Practice : Shadow Testing in Production

Purpose and Strategic Importance

Shadow Testing in Production involves replaying real-world production traffic to a new or updated service version without impacting live users. This allows teams to validate functionality, performance, and error handling under realistic conditions before formally releasing changes.

Shadow testing helps de-risk releases, uncover unexpected behaviours, and provide confidence in production readiness. It is a critical technique for progressive delivery and operational resilience.

Description of the Practice

  • Live traffic is duplicated and sent to both the current production system and the shadow (non-active) service.
  • Responses from the shadow system are recorded but not returned to users.
  • Comparison of shadow vs. production responses highlights regressions or unexpected side effects.
  • Metrics, logs, and traces are analysed to assess shadow service behaviour.
  • No state or side effects from the shadow system are persisted to production databases.

How to Practise It (Playbook)

1. Getting Started

  • Identify services where change carries significant operational or user risk.
  • Enable traffic mirroring or duplication through proxies, gateways, or load balancers.
  • Ensure that shadow services run in an isolated environment (e.g. separate database or readonly mode).
  • Compare logs, responses, and metrics to detect anomalies or regressions.

2. Scaling and Maturing

  • Automate shadow testing as part of canary or blue-green deployments.
  • Use diffing tools to compare request/response behaviours at scale.
  • Track shadow performance vs. production as part of release sign-off criteria.
  • Enable telemetry on shadow routes (e.g. Prometheus, OpenTelemetry, Datadog).
  • Extend shadow testing to include security, accessibility, and edge-case handling.
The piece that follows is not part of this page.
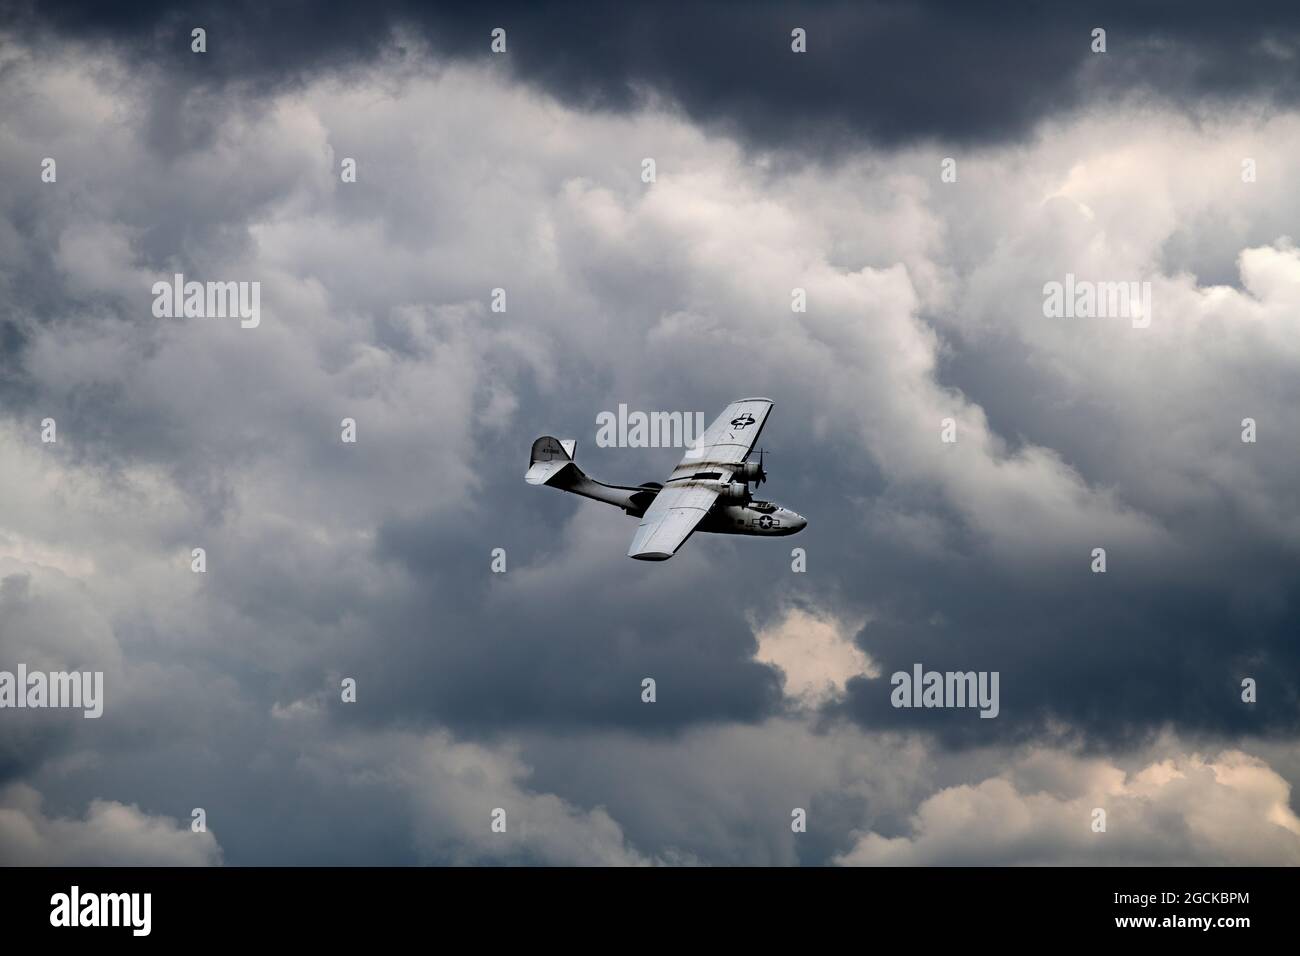 Duxford Imperial War Museum Photograph by Brian Harris 5 August 2021 IMW Duxford, Cambridgeshire England UK Catalina Flying Boat seen here flying over Stock Photo

3. Team Behaviours to Encourage

  • Review shadow test results collaboratively before progressing changes.
  • Use learnings to improve test coverage, observability, and release gates.
  • Align shadow testing with product risk appetite and compliance needs.
  • Integrate shadow feedback loops into regular delivery cadence.

4. Watch Out For…

  • Shadow systems inadvertently writing to production systems.
  • Incomplete telemetry or low visibility of shadow results.
  • Performance impacts from traffic duplication without resource scaling.
  • Using shadow testing as a substitute for earlier test stages.

5. Signals of Success

  • Releases are validated safely using real-world traffic before going live.
  • Shadow results influence rollout decisions and uncover latent defects.
  • Shadowing is applied routinely for high-risk changes and new services.
  • Production systems experience fewer regressions post-release.
  • Confidence in operational readiness improves across teams.